Introduction
As part of the DARPA AI Cyber Challenge (AIxCC), a team of researchers from Texas A&M University, City University of Hong Kong, and Imperial College London developed FuzzingBrain, a fully automated platform that uses large language models (LLMs) to find and fix vulnerabilities in real C and Java projects.
Link to the project repository on GitHub
FuzzingBrain architecture
The system consists of four interconnected components:
- CRS WebService — coordinates tasks and builds test environments.
- Static Analysis Service — performs static code analysis.
- Worker Services — run fuzzing and LLM modules for generating tests and patches.
- Submission Service — submits results and removes duplicates.

Research strategies
Fuzzing
The main task of fuzzing is to select data for Proofs-of-Vulnerability.
The system combines two approaches:
- Traditional fuzzing using libFuzzer
- An LLM-based approach, where models (GPT-4o, Claude, Gemini, and others) analyze code, create tests, study errors, and iteratively improve input data.
A total of 10 fuzzing strategies were implemented:
- two for delta scanning (analysis of changes in a specific commit)
- six for full scanning (analysis of the entire codebase without limiting the task to a specific commit)
- one for report-based tasks (analysis of external static analysis reports in SARIF format, Static Analysis Results Interchange Format)
- one for unsupported tasks (analysis when the project has no special test harness through which input data is passed)
Patching
After a vulnerability is identified, the system proceeds to fix it.
Patches are created in .diff format and validated against four criteria:
- Applicability to the code.
- Successful compilation.
- Error elimination (the POV is no longer reproduced).
- Preservation of functionality.
Patching approaches:
- patch_delta / patch_full
- The LLM receives the commit diff + crash log.
- It determines the functions that may have caused the error.
- It generates a fixed version of the function and a diff file.
- It uses an iterative feedback scheme (build errors, POV, tests).
- patch0_delta / patch0_ful
- Assumes that all functions changed in the commit are potentially vulnerable.
- Skips the LLM analysis phase for target identification.
- Automatically applies a patch to all changed functions.
- patch1_delta / patch1_full
- Combines diff analysis and LLM-based function identification results.
- Forms a combined set of candidates.
- patch2_delta / patch2_full
- Uses dynamic control-flow analysis.
- When patches fail, it collects data about executed branches and passes it to the LLM in the next prompt.
- patch3_delta / patch3_full
- Adds knowledge from expert templates and examples to the standard process.
- Uses vulnerability analysis from the POV stage.
- Uses a catalog of sample fixes sorted by vulnerability type.
- Uses the ability to request additional context.
- XPatch
- Activated if no POV is found after half the task time.
- The patch is generated without error confirmation.
- The LLM scores all functions on a scale from 1 to 10 and selects the top-k.
SARIF analysis
FuzzingBrain treats SARIF reports as an additional source of knowledge about the code. For this purpose, SARIF Analysis Service is implemented as part of Static Analysis Service.

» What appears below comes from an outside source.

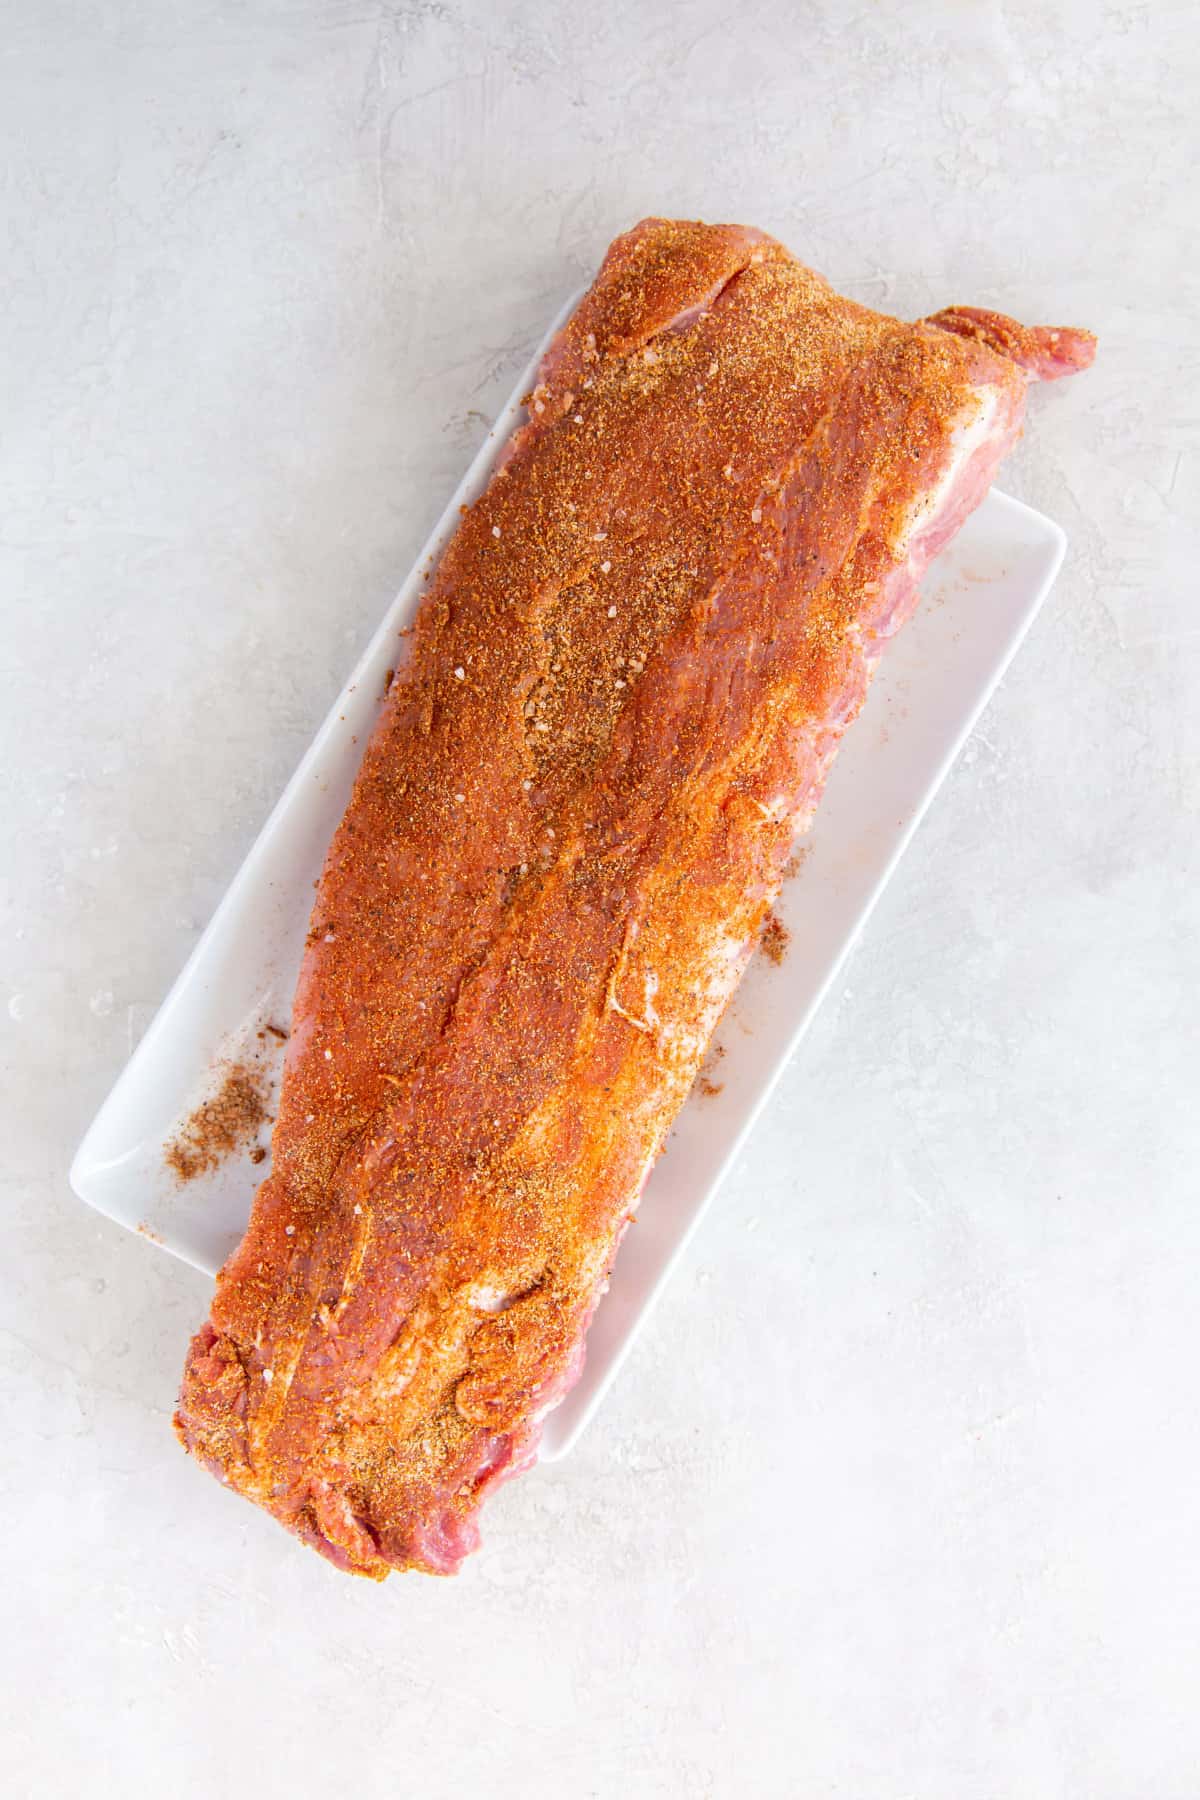 rib rub spread over raw pork ribs.

The entire process consists of five stages:
- Receive a SARIF report containing many records from an external analyzer, for example CodeQL or another SAST tool.
- The SARIF parser extracts the required data: function name, file path, line/position, CWE type, problem description text, and call trace if present.
- The LLM verifies the SARIF entry and decides whether it is a real vulnerability (true positive) or a false alarm (false positive) by analyzing the code context and the analyzer message.
- Confirmed reports (true positives) are saved to the database, and a task is created for the next stage (LLM-based POV generation or LLM-based patching).
- Context is passed to fuzzing/patching:
- For POV, the LLM receives SARIF data as part of the prompt to focus on a specific function and vulnerability type.
- For a patch, SARIF helps the LLM choose the correct target and fix type.
Result
A total of 23 strategies were developed: 10 for creating POVs and 13 for patching.

FuzzingBrain was deployed on cluster infrastructure provided to participants of the DARPA AI Cyber Challenge (AIxCC), where the team had roughly 100 virtual machines. In the competition, teams received tasks, each of which included:
- Source code in C/C++ or Java
- Special fuzzing entry points
- Commit diff for Delta-Scan tasks
- SARIF reports for Report-Based tasks.
As a result of using the system, 28 vulnerabilities were found, including 6 zero-days, and 14 were successfully fixed.
Conclusions
FuzzingBrain implements a full cycle of automated vulnerability discovery and remediation, where the LLM analyzes the cause of a crash, selects the specific vulnerable function, creates a corrective diff, and verifies it at the compilation, security, and functionality levels.
Most likely, this approach turns LLMs from recommendation systems into cyber research systems capable of performing complex software code analysis tasks without human participation.